“Poetics is distinguished from hermeneutics by its focus not on the meaning of a text, but rather its understanding of how a text’s different elements come together and produce certain effects on the reader.” -Wikipedia.

Biopoetics does not exist, this also from Wikipedia.

I love nothing more than reading a book with a title that does not exist, as is the case with Biopoetics, a book edited by Brett Cooke and Frederick Turner.

Brett Cooke writes, “poetics, a word that describes at least one art.”

It might look as if I am getting nerdier. In my mind there is nothing wrong with that, but for those who think it not so good, I will tell you I did just walk the dog.

There is something attracting me to this field of biopoetics. I just don’t know what it is yet. This ever happen to you?

I will admit that when I bought the book I thought poetics meant poetry and that bio meant ecological stuff, so as you can see, there is yet room for disappointment.

But then Cooke added, “there is no English term for the study of all the arts.” I am assuming liberal arts doesn’t cut it.

When he says, “Poetics is derived from the Greek word ‘making,’ I am back to thinking I am going to love this book. Cooke writes that poetics refers to our impulse to create beauty.

Now I am really loving it.

Stay tuned.

8 thoughts on “Biopoetics

  1. marthaschaefer April 29, 2014 / 8:56 pm

    Now you have my full attention…

    • fictionfitz April 30, 2014 / 7:58 am

      more to come, it is a fascinating book of essays.

  2. M. Zane McClellan April 30, 2014 / 12:39 am

    Color me intrigued.

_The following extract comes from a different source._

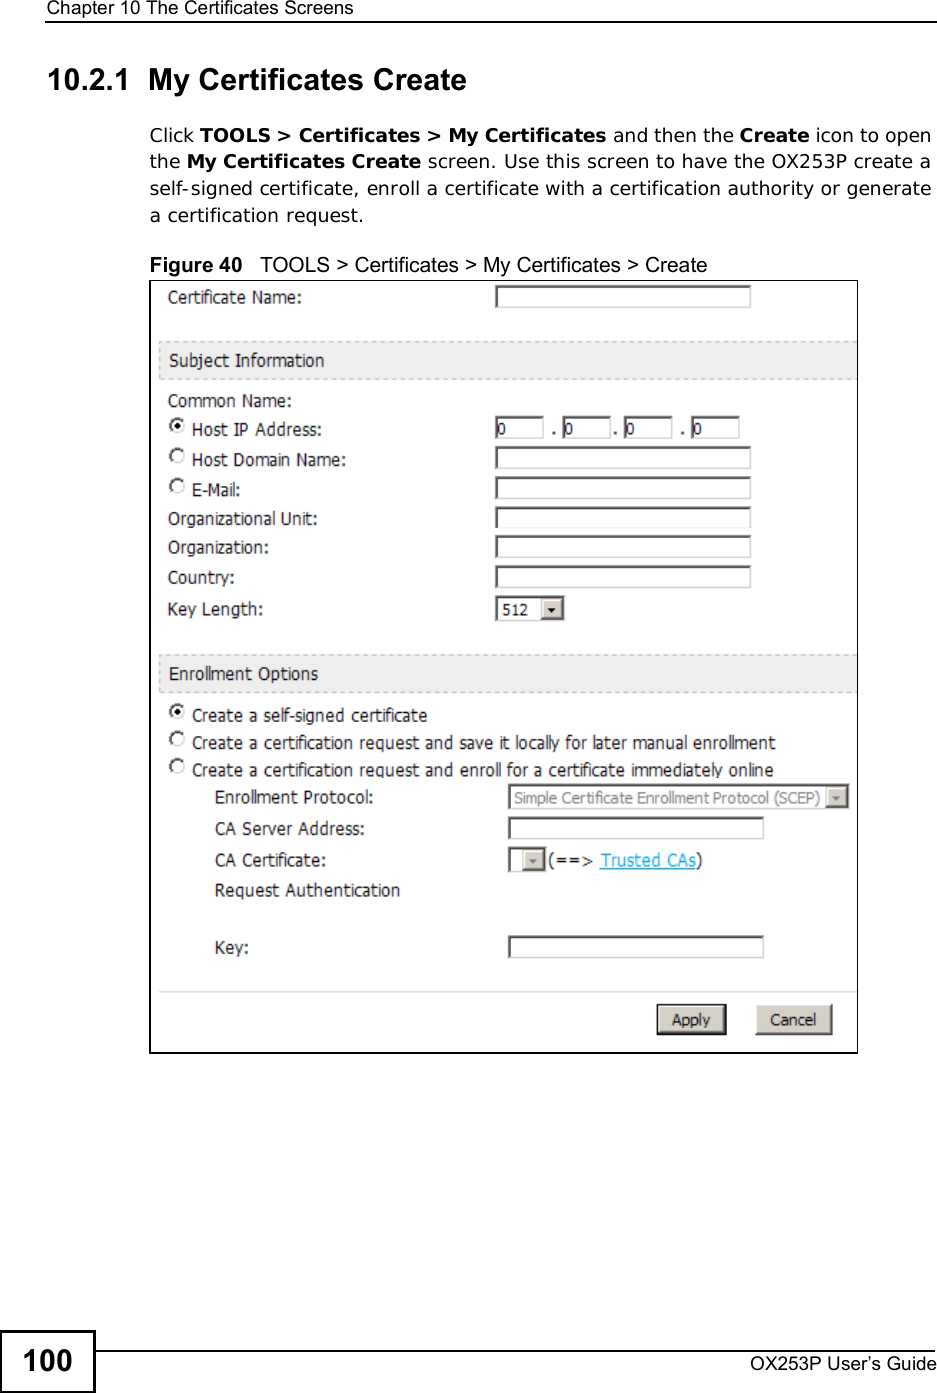 Chapter 10The Certificates ScreensOX253P User’s Guide10010.2.1  My Certificates Create Click TOOLS &gt; Certificates &gt; My Certificates and then the Create icon to open the My Certificates Create screen. Use this screen to have the OX253P create a self-signed certificate, enroll a certificate with a certification authority or generate a certification request.Figure 40   TOOLS &gt; Certificates &gt; My Certificates &gt; Create

Please do keep us posted. 🙂

    • fictionfitz April 30, 2014 / 7:58 am

      Many essays in the book, will report as I read over the next several months.

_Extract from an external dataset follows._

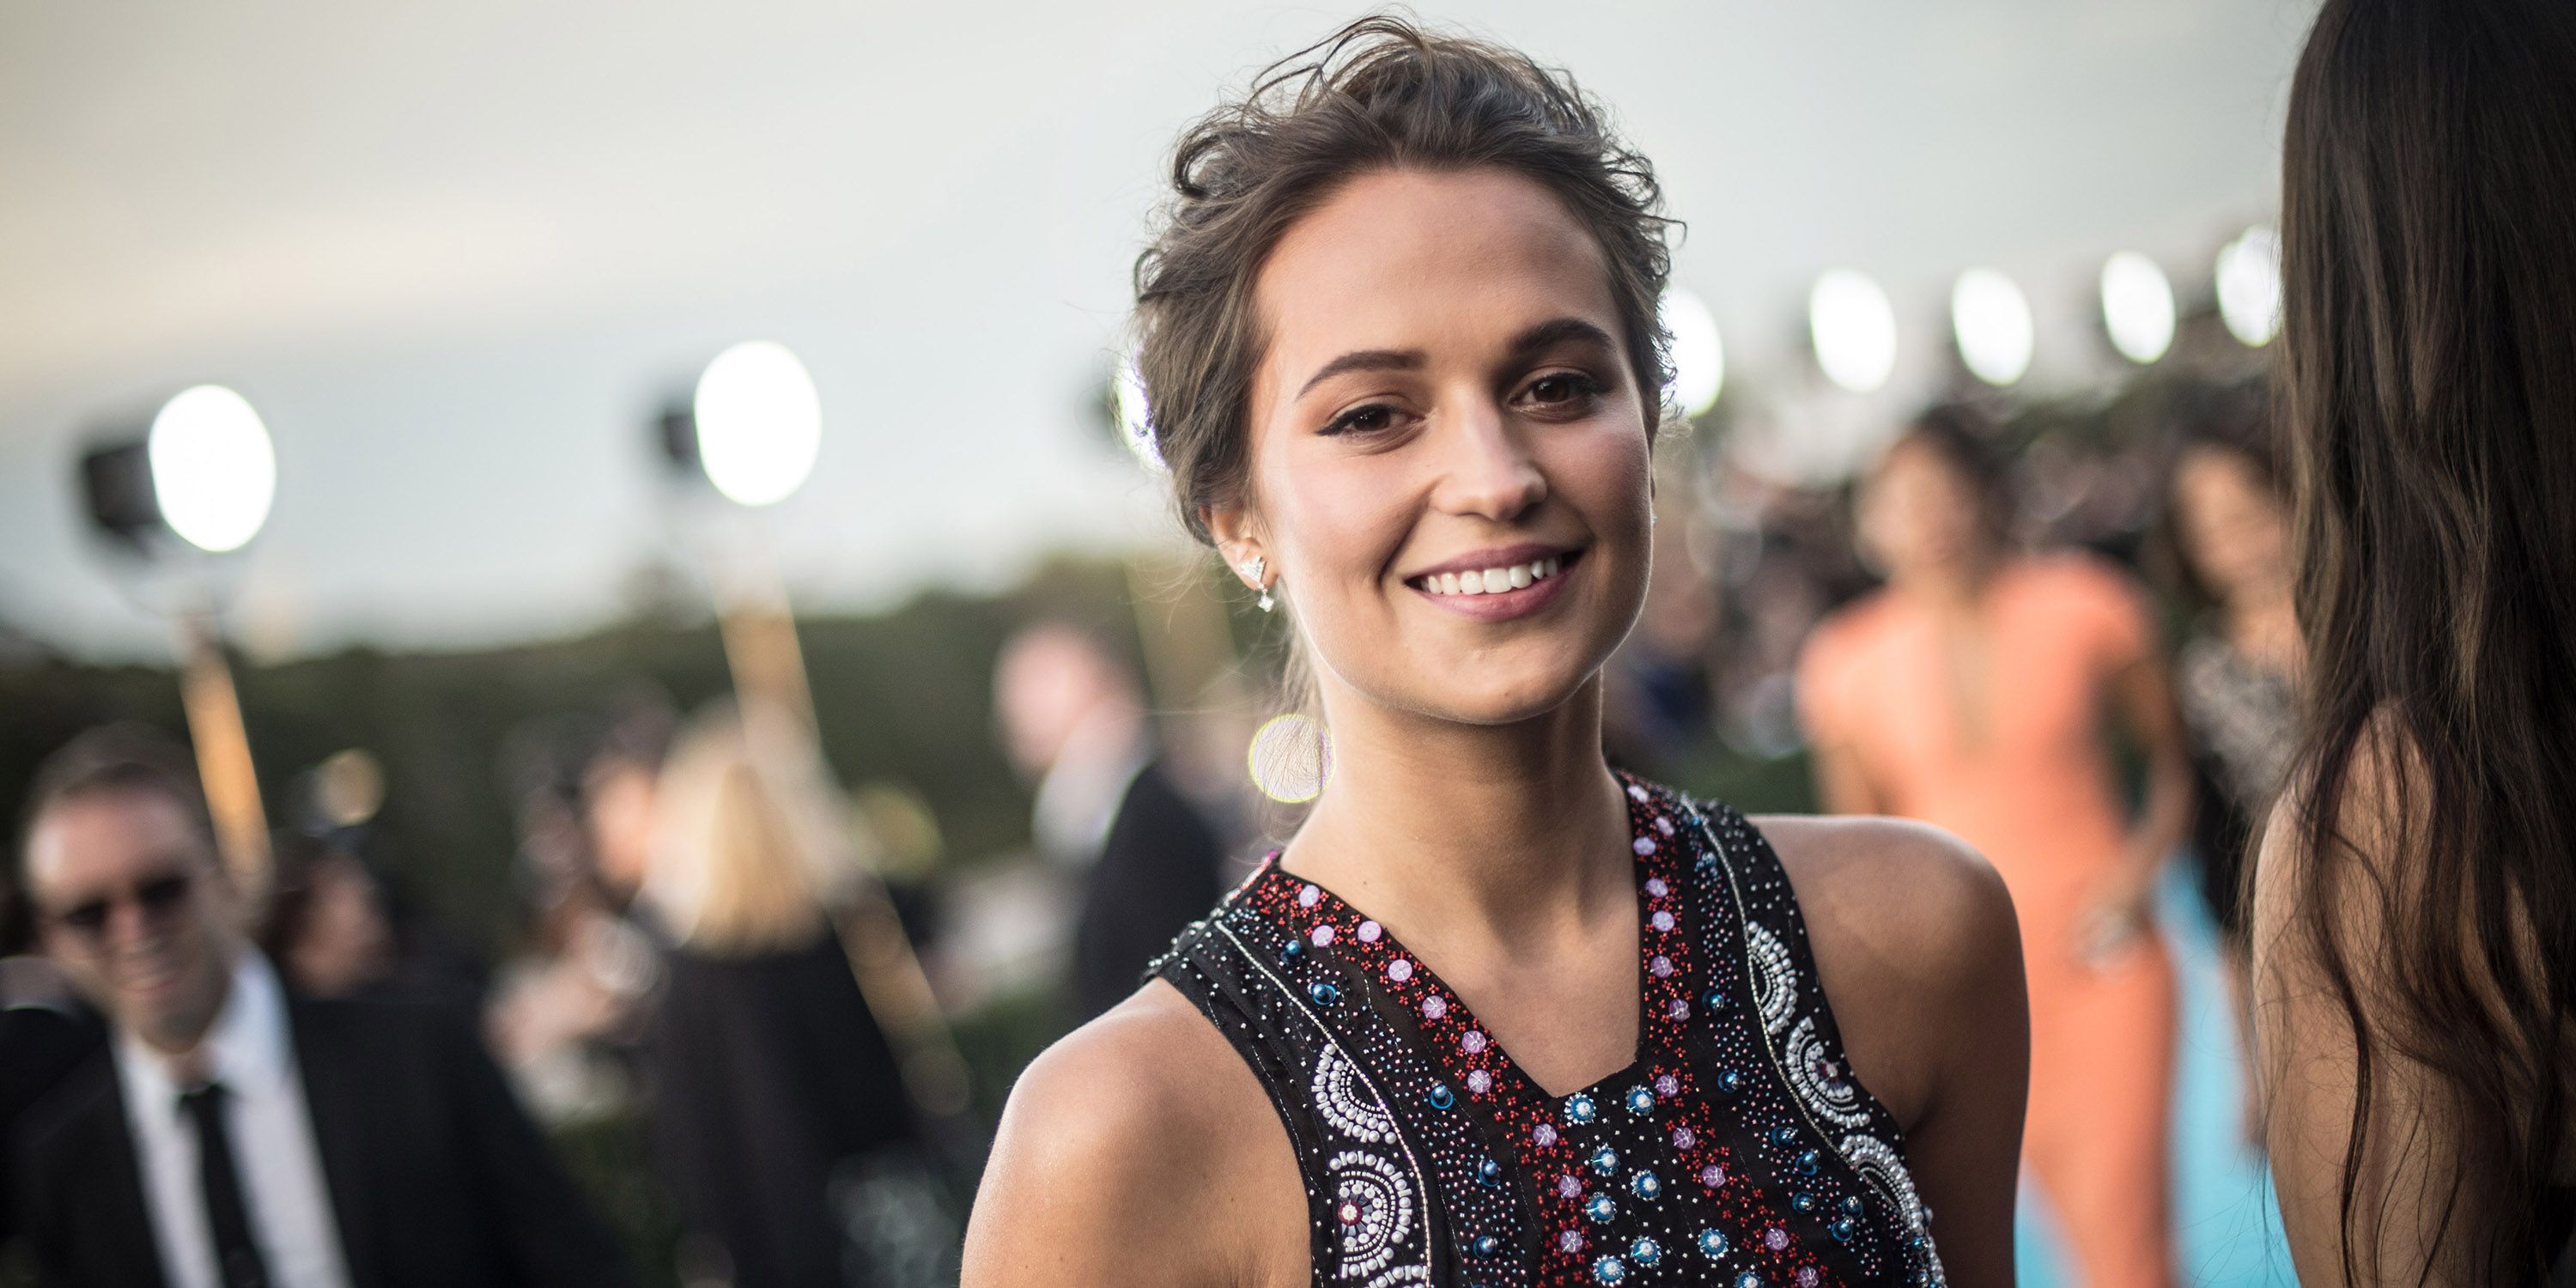 Alicia Vikander, Firebrand Star, on THR's Awards Chatter Podcast Live – The  Hollywood Reporter

  3. Carole Webber April 30, 2014 / 8:03 am

    Can a person be a biopoetic ?
    Nice new word even if it does not exist.

  4. Carole Webber April 30, 2014 / 10:02 am

    I guess I will try to be one, after you give us more instruction.

    • fictionfitz April 30, 2014 / 10:04 am

      I plan to provide food for thought, but with a goal of being the student.